Hey! We Broke the Internet

Researchers analyze the effects of increased Social Media Usage in the age of COVID-19


4.57 billion people around the world now use the internet, of those users, 346 million new users have come online within the last 12 months (Wikimedia Commons fair use)

Michele Chinn ‘22

You open your phone, go to the settings app, and check your screen time only to find that your social media usage is up between 30 to 70%. You think, “it was only a few TikToks!” You, along with many Americans, have noticed a significant increase in social media usage since being in this pandemic as people strive to communicate with family and friends across town and the country.

Studies show that social media heightens anxiety in young adults. In a recent study, researchers from the department of psychology at Purdue University gathered to analyze the effects of apps like Instagram, TikTok, and Snapchat in teens ages 13 to 19 but could not pin down just one source of kids’ mental health struggles.

“[Researchers were] unable to determine whether increased anxiety due to COVID-19 had increased social media use or whether increased social media use had increased anxiety.”

Their findings later suggested that social media should be “a source of accurate and helpful information so that anxiety is not exacerbated.”

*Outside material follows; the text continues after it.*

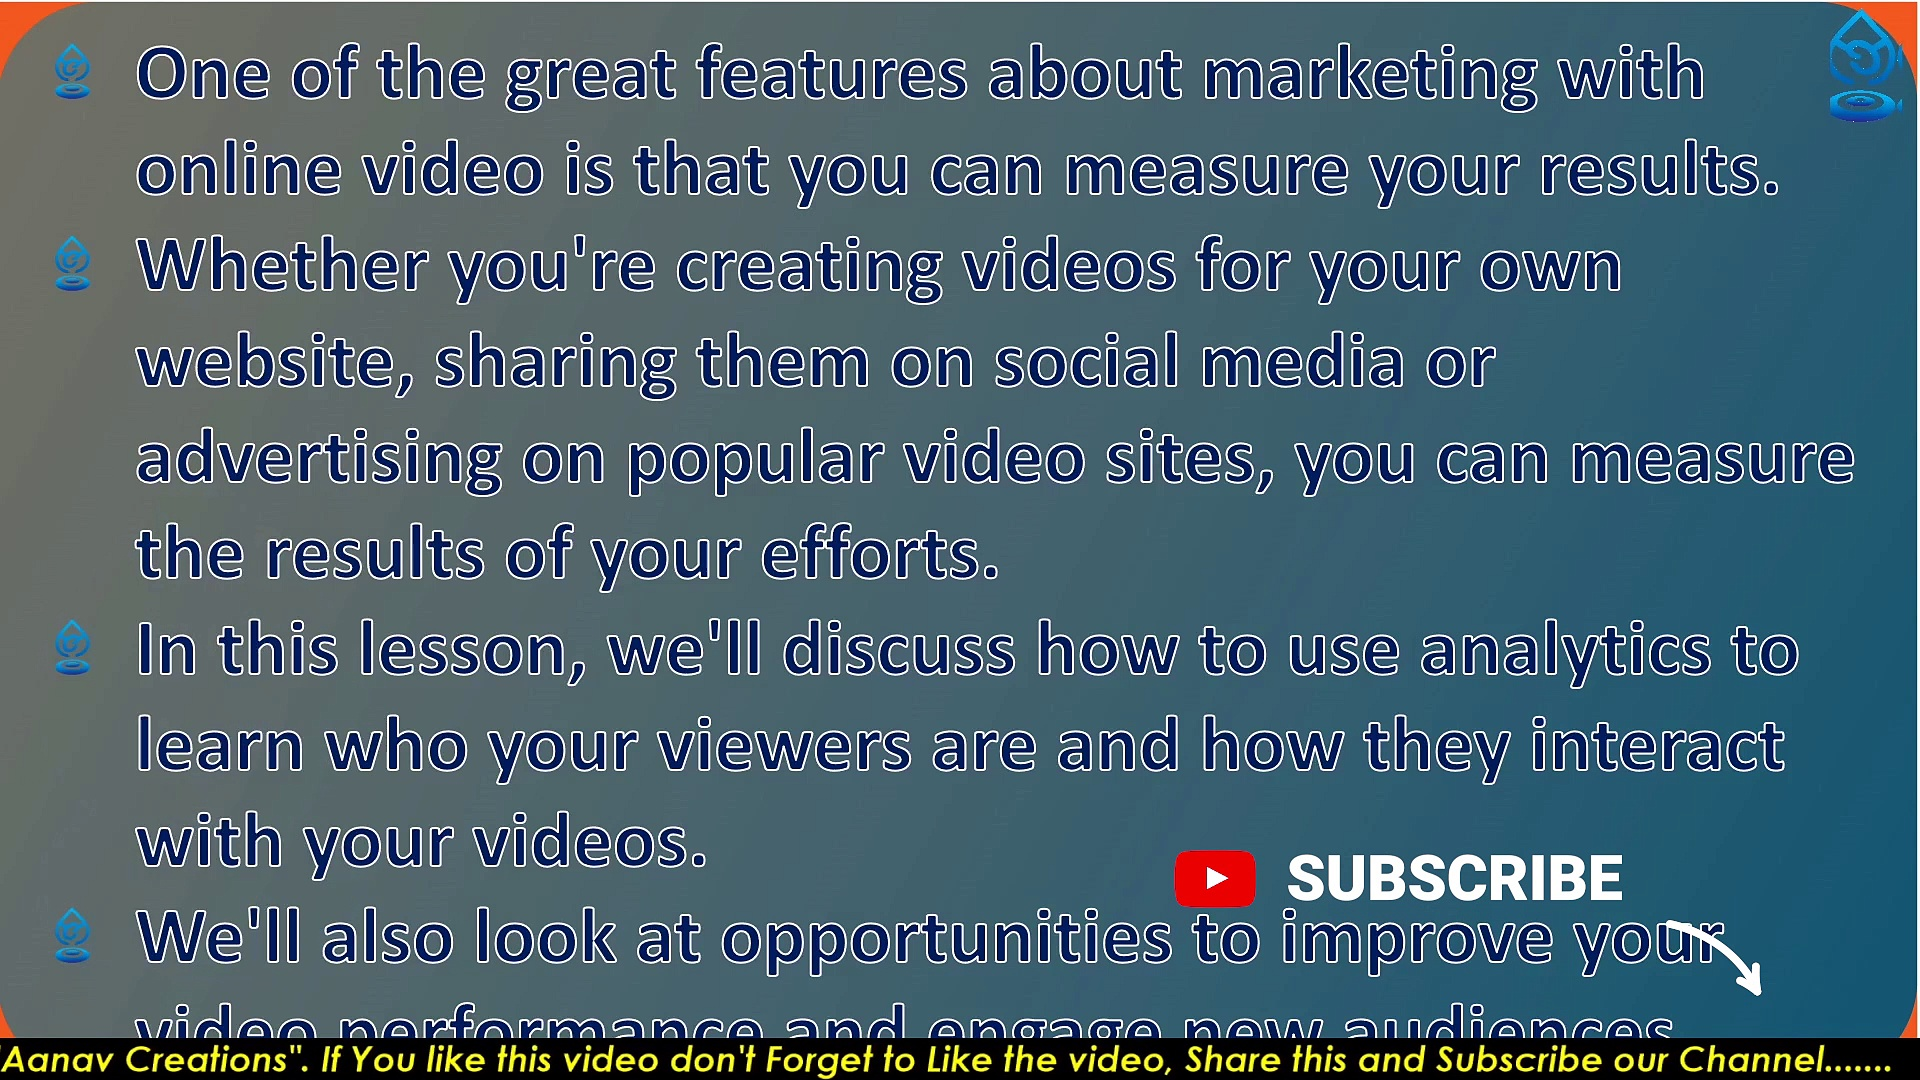 Measuring video performance In Digital Marketing | Video Performance | Class 82 |  @Aanav Creations   @Technical Maanav

A study done at the University of Waterloo showcases some other potential benefits.

Researcher Dr. Mohammed Saud writes in this study that their respondents “admitted their social media friends had shared innovative ways to keep them busy at home,” including providing information about COVID-19, facilitating local discussions, making video content, and more.

Dr. Andrew Wong, a consultant of urgent care in the UK, found an imperative need for social media during COVID-19 where people worldwide are counting on these platforms for guidelines, protocols, standardized operating procedures, and knowledge of the virus’ seriousness.

“Such sharing is of immense value,” Dr. Wong says.

Increased phone usage has not all been on social media; the news has also seen an uptick in readership.

Ella Koeze, a writer for New York Times, says that the websites for The NYT and The Washington Post have both grown traffic more than 50 percent over the last month. She writes that, “Americans have also been seeking out more established media brands for information on the public health crisis and its economic consequences.”

While studies are mixed, researchers find that proper use can facilitate a lot of good.

“It is a powerful tool for social interaction and ongoing education, and facilitates collaboration between users,” Wong says. “However, it is of prime importance that social media users monitor the information exchanged for quality and reliability.”